Modern Plain Text Computing

This is the course website for the Fall 2025 seminar SOCIOL 703, Modern Plain Text Computing, taught at Duke University by Kieran Healy. It is required for first-year students in the department and open to others who are interested in the material.

A working scale model of a DEC PDP 11/70. — Figure 1: A working scale replica of a Digital Equipment Corporation PDP-11/70, one of the mainstays of computing in the 1970s.

Motivation

As researchers and scholars we depend on software to get our work done. But often, we do not know enough about how our computers work. Nor are we encouraged to reflect on why they work the way they do, or given any basic grounding in such matters as part of our training. Instead we end up fending for ourselves and pick things up informally. Or, instead of getting on with the task at hand, course instructors are forced to spend time quickly bringing people up to speed about where that document went, or what a file is, or why “that didn’t work” just now. In the worst case, we never get a feel for this stuff at all and end up marinating in an admixture of magical thinking about and sour resentment towards the machines we sit in front of for hours each day, and will likely sit in front of for the rest of our careers.

All of that is bad. This course is meant to help. The coding and data analysis tools we have are powerful, but the way the work tends to run against the grain of the devices we use most often: our phones. As a rule, apps on your phone hide their implementation details from you. They do not want you to worry too much about where things are stored, or how things are accomplished, or what happens if you need to do the same thing again later. They don’t talk to each other much, either. The fragmented and multifacted tasks associated with scholarly research, meanwhile, make distinctive demands on software. Most of them have to do with the need for control over what you are doing, and especially the importance of having a record of what you did that you can revisit and reproduce if needed. They also need to let us track down and diagnose errors. And they must assist us in pulling disparate pieces of a project together into a presentable final product like a talk, an article, or a book. This can be a tricky process to think about and manage in a systematic way.

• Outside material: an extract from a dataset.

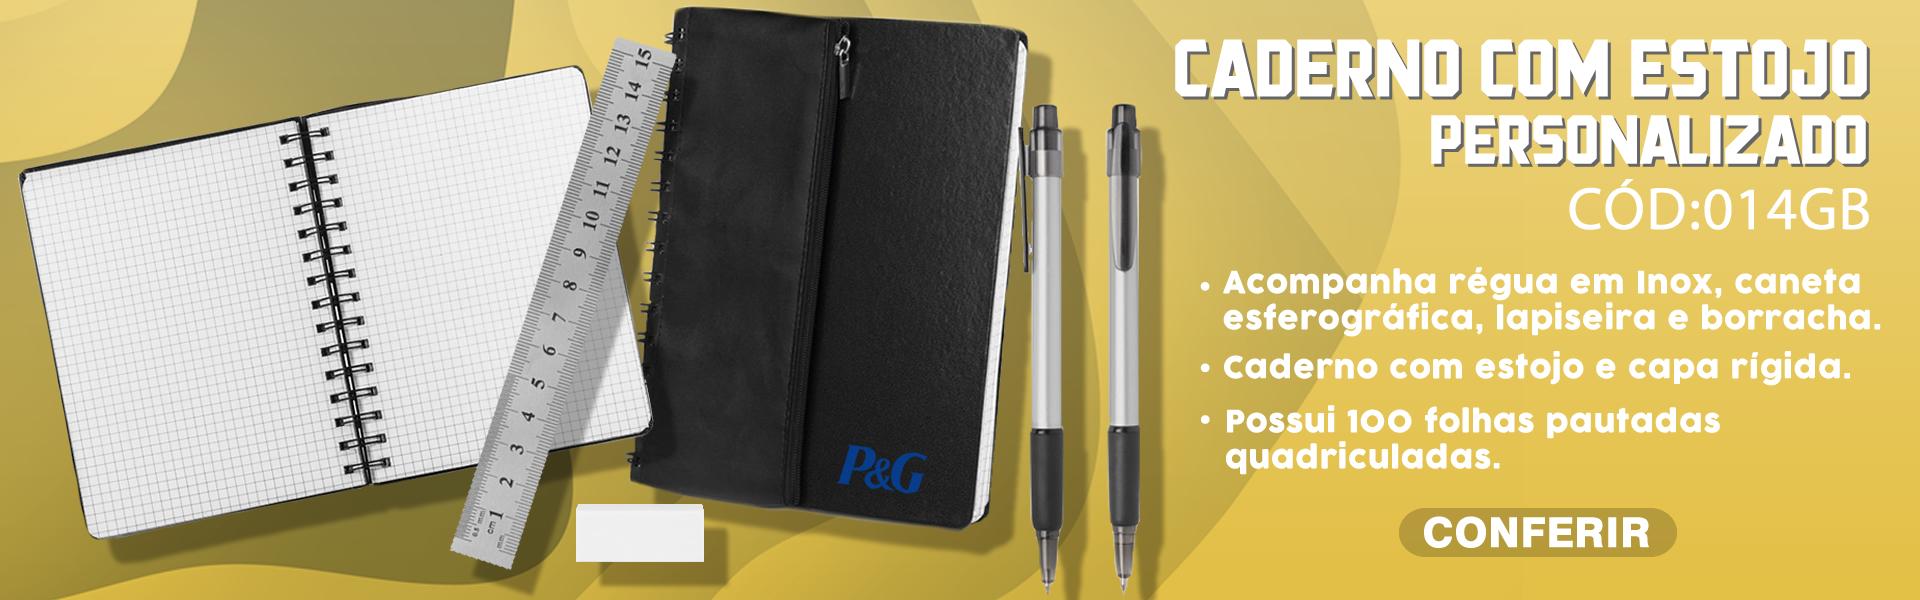 Caderno de Anotações com estojo Personalizado 014GB

To address these challenges, modern technical computing platforms provide us with a suite of powerful, modular, composable tools and techniques. The bad news is that they are not magic; they cannot do our thinking for us. The good news is that they are stable and reliable. Many are supported by helpful communities. Most are developed and improved in the open. Almost all are available for free. Nearly without exception, they tend to work through the medium of explicit, structured instructions written out in plain text. In other words they work by having you write some code, in the broadest sense. People who do research involving structured data of any kind should become familiar with these tools. Lack of familiarly with the basics encourages bad habits and unhealthy attitudes ranging from misplaced contempt to creeping despair.

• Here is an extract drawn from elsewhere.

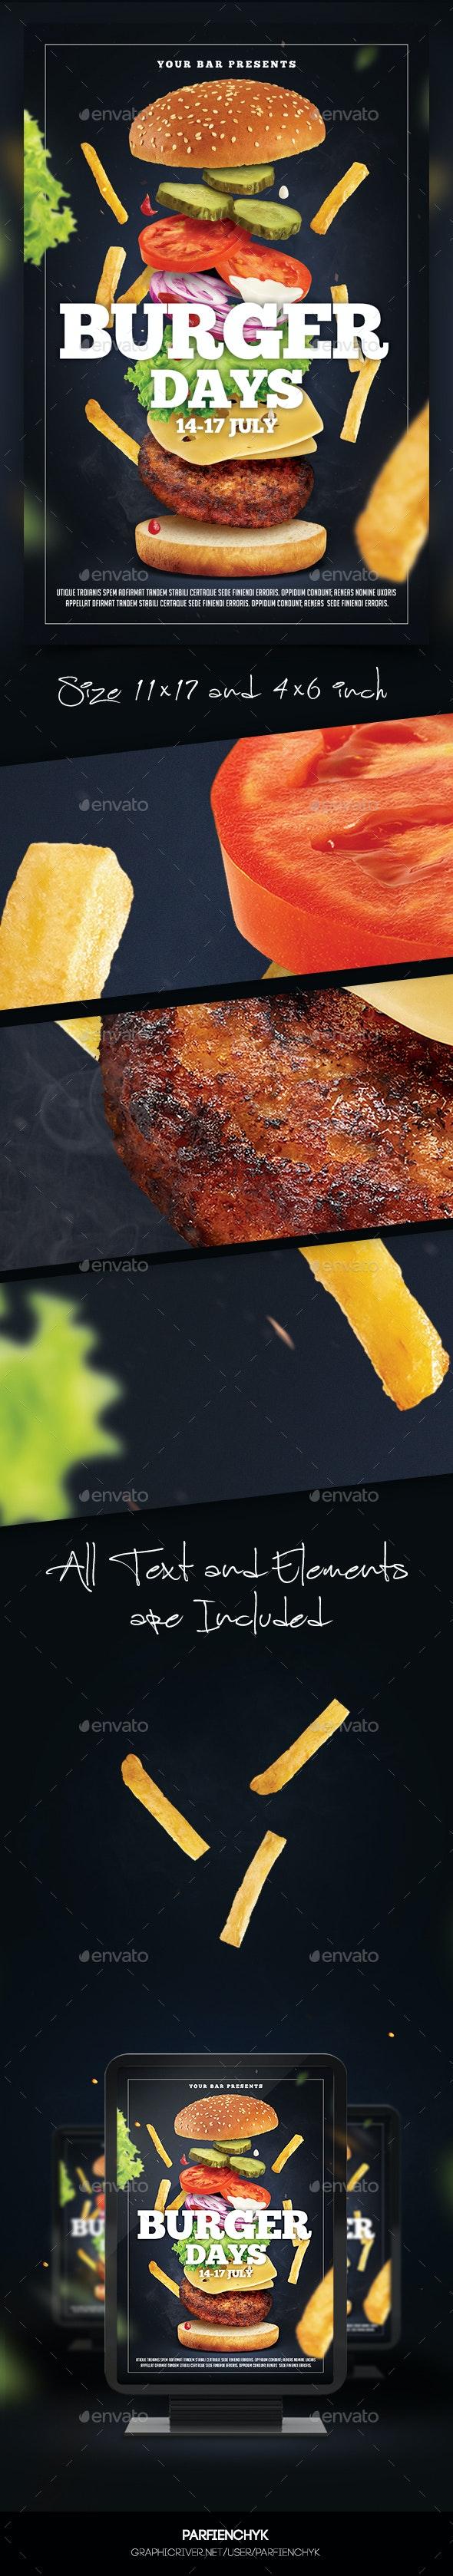 Burger Flyer Template - Restaurant Flyers

Throughout the seminar we will move back and forth between two perspectives. First, we will learn about specific tools and tricks associated with using them. Concretely we will learn how to use the file system, the terminal, a text editor, and a programming language and development environment oriented to the analysis of tabular data. At this level we will focus on examples that come up in our everyday work. But second, we will try to develop a way of thinking about what we are doing. We don’t need to learn every tool in the box right away. There are far too many of them to even try, in any case. Rather, we will try to understand why these tools work the way they do, and why the approach they embody is so useful. In the process we will cultivate an attitude of determined curiosity that will help us notice and solve problems in our work as they (inevitably) arise, even when they are (undeniably) frustrating.

What we’ll cover

We have twelve class weeks for this seminar, excluding Labor Day and Fall Break. During that time we will learn some elements of plain-text computing that every graduate student in the social sciences (and beyond!) should know something about. They are shown in Table 1.

Table 1: Overview of the course schedule.

Week	Date	Topic
1	Aug 25	Big Picture: Doing your work properly
2	Sep 1	No class (Labor Day)
3	Sep 8	The file system; the shell; the terminal
4	Sep 15	Using R to look at data
5	Sep 22	Tidy data and dplyr
6	Sep 29	More on dplyr, tidyr, and related packages
7	Oct 6	Ingesting and cleaning data
8	Oct 13	No class (Fall break)
9	Oct 20	Version Control: git and GitHub
10	Oct 27	Iterating on Data and Models
11	Nov 3	Databases and APIs
12	Nov 10	Parallel Computing
13	Nov 17	Helpers, build systems, and environments
14	Nov 24	Packages, and LLMs

Consult the course schedule page for more detail on weekly topics, readings, and assignments. The syllabus has more information on expectations, requirements, course polices, and assessment for the seminar.